Poem of the Day: ‘Fog’

A modern poet while only partially a modernist, Robert Hillyer wanted a ‘conservative poetry,’ dubbing himself ‘a conservative and religious poet in a radical and blasphemous age.’

Sowls Art, U.S. Fish and Wildlife Service via Wikimedia Commons
Mist on the Bering Sea. Sowls Art, U.S. Fish and Wildlife Service via Wikimedia Commons

Robert Hillyer (1895–1961) is one of the unfairly fading American poets who deserve to live in poetry readers’ collective memory. Last summer we ran his poem “Early in the Morning,” and today we add “Fog,” a poem from 1921.

Like Edward Thomas’s “Adlestrop,” which was the Sun’s Poem of the Day earlier this summer, “Fog” matches Hillyer’s “Early in the Morning” as an example of poetry that seeks what Wordsworth called “spots of time.” John Henry Newman once described what he called the stained imagination, injured by some witnessed vulgarity, like a teenager’s encounter with violent pornography. A spot of time is, in a sense, the opposite: a sight of nature that endures in memory as a redemptive presence, repairing the mind.

As an undergraduate, Hillyer helped form a group known as “the Harvard poets” with his classmates John Dos Passos and E.E. Cummings.
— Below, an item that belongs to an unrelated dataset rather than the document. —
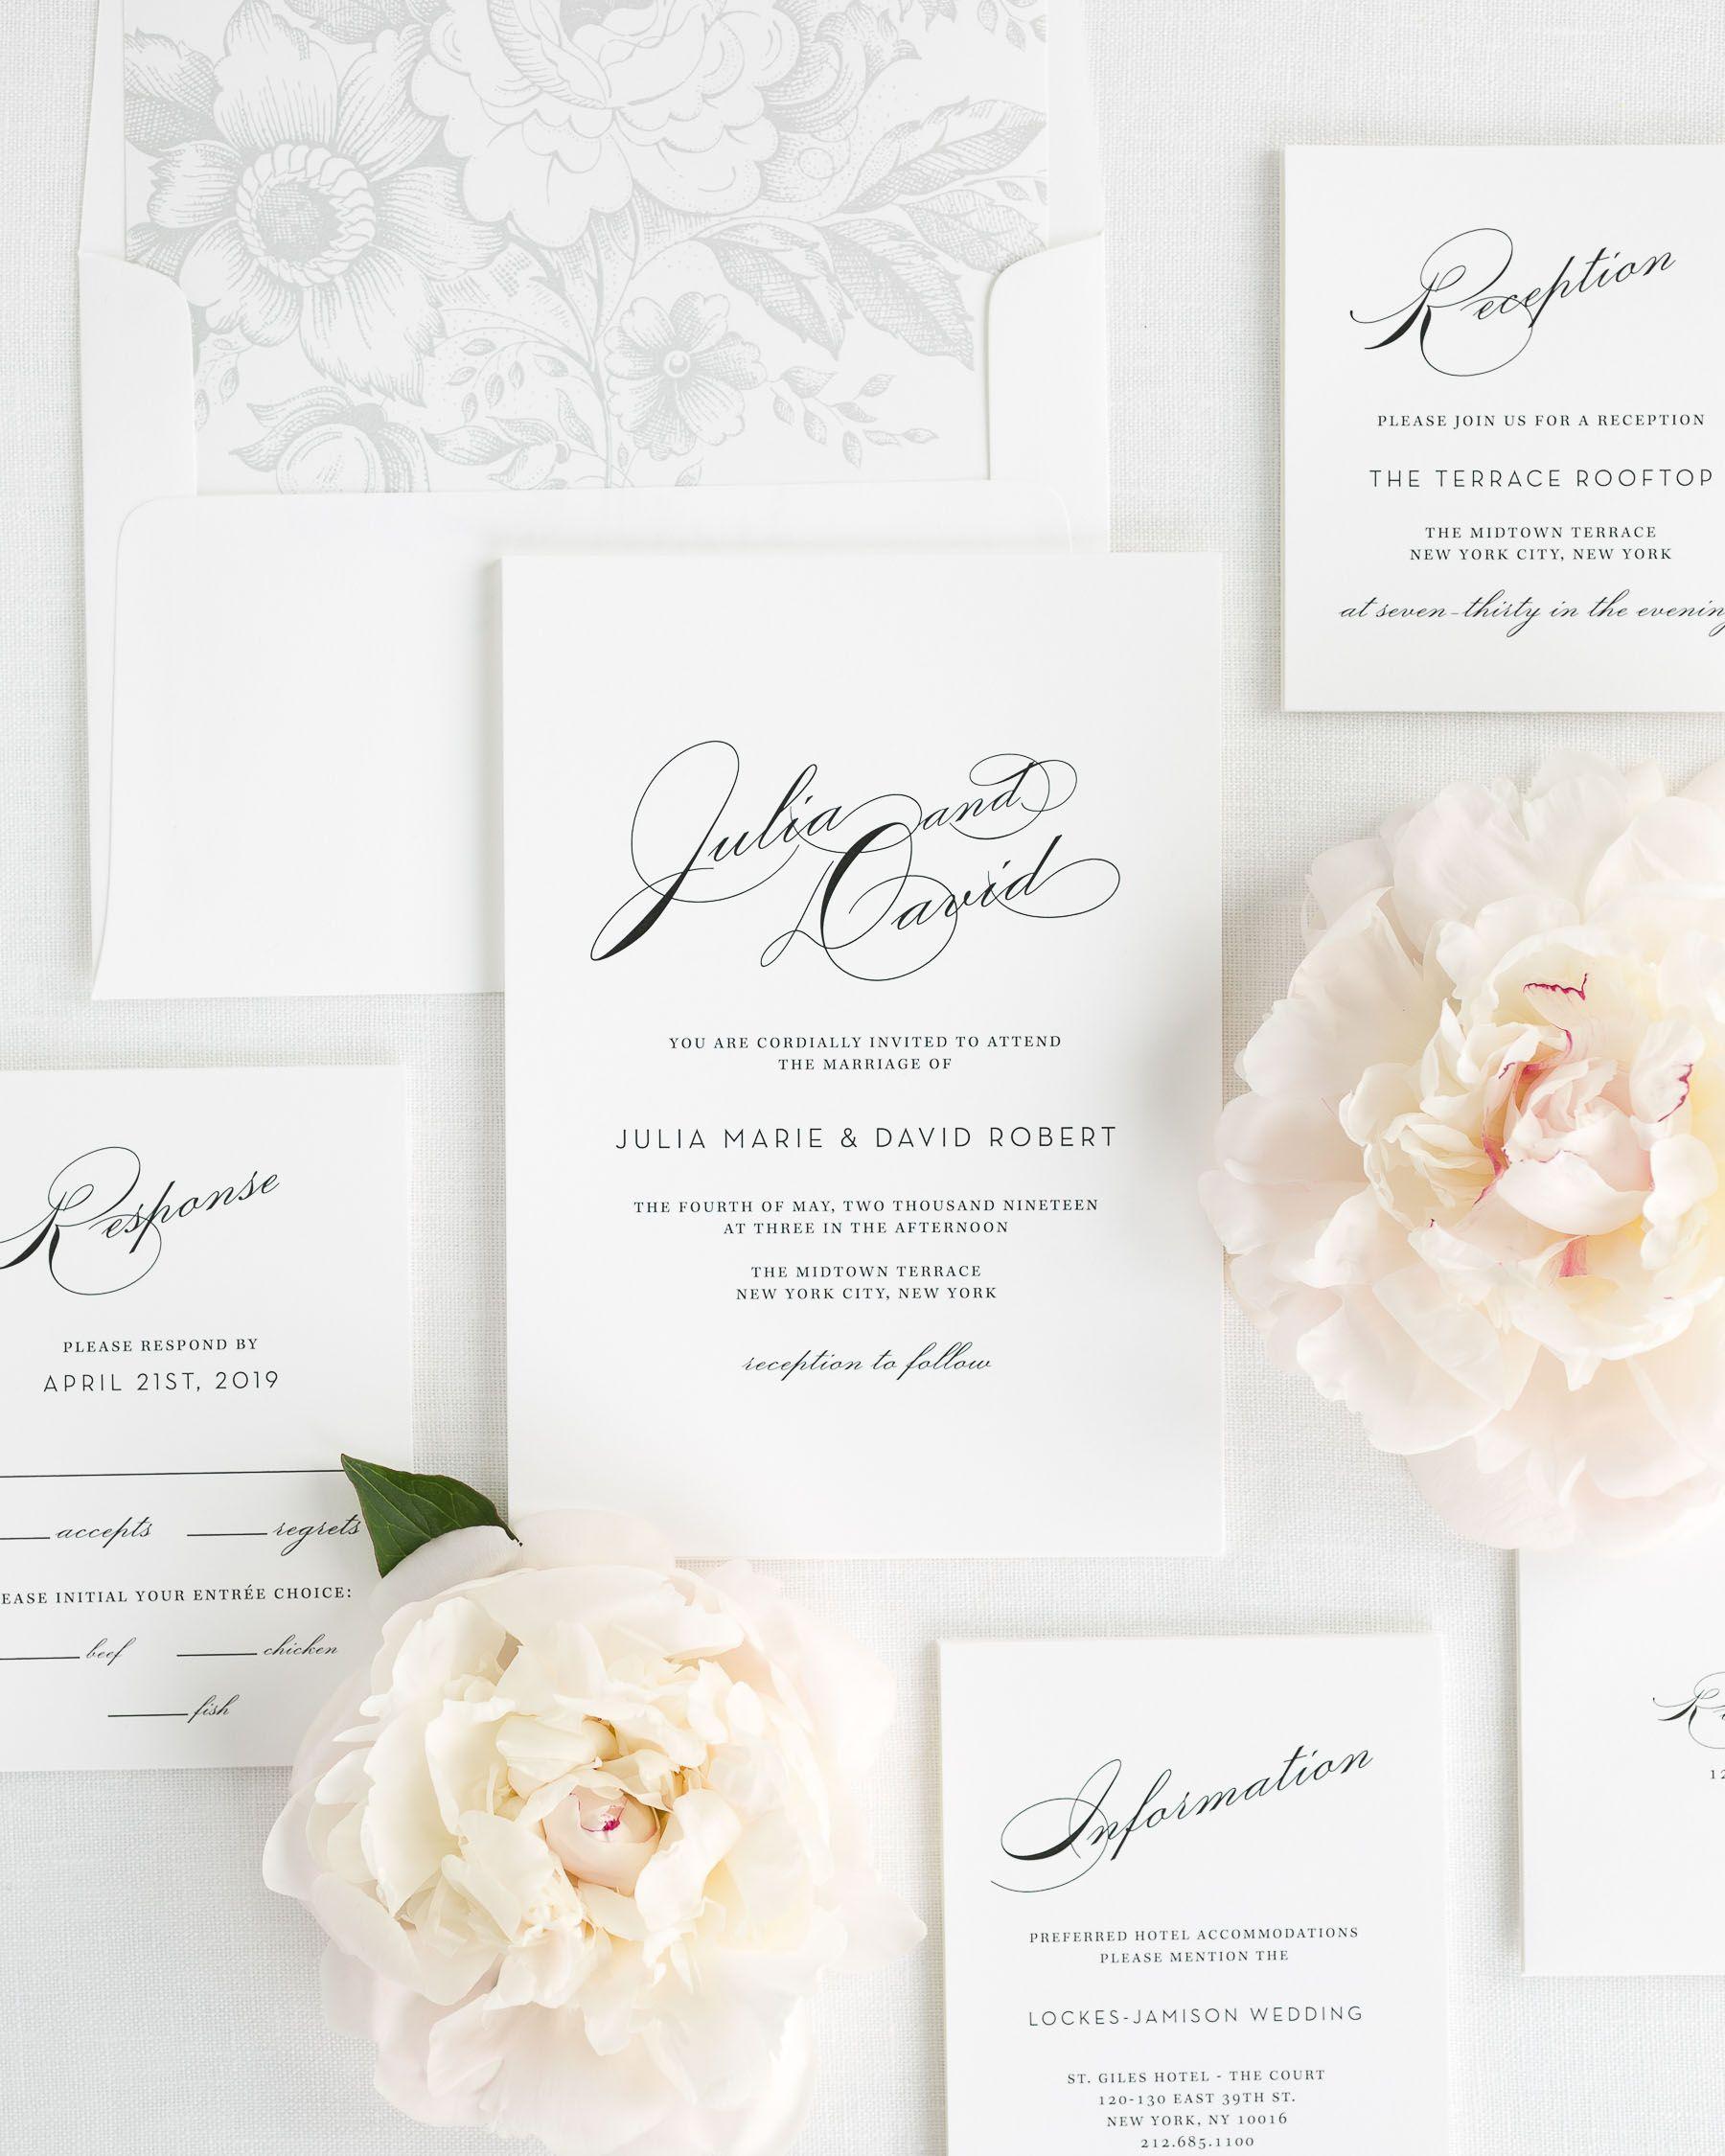 Vintage Glam Wedding Invitations: Vintage Glam Wedding Invitations In 2019

He went to Europe in 1917, shortly after graduating, to serve in an international ambulance corps before America entered the war. Hillyer would return to teach at Harvard for many years afterward, writing eight books of poetry and winning the Pulitzer Prize in 1934 for his collected verse. A modern poet while only partially a modernist, he wanted a “conservative poetry,” dubbing himself “a conservative and religious poet in a radical and blasphemous age.”

“Early in the Morning” stays entirely within its moment (except for one ironic nod from the older narrator), but “Fog” has a bigger conclusion to draw from its description of being on a sailboat in the fog. “Where does the sea end and the sky begin?” the poem asks, as a fogbank seals the quiet boat in place. Something more, the line between life and death, is just as uncertain: “The dead are here. / We are not quite alone,” the poem ends. And we are there with the poet in that ghostly fog.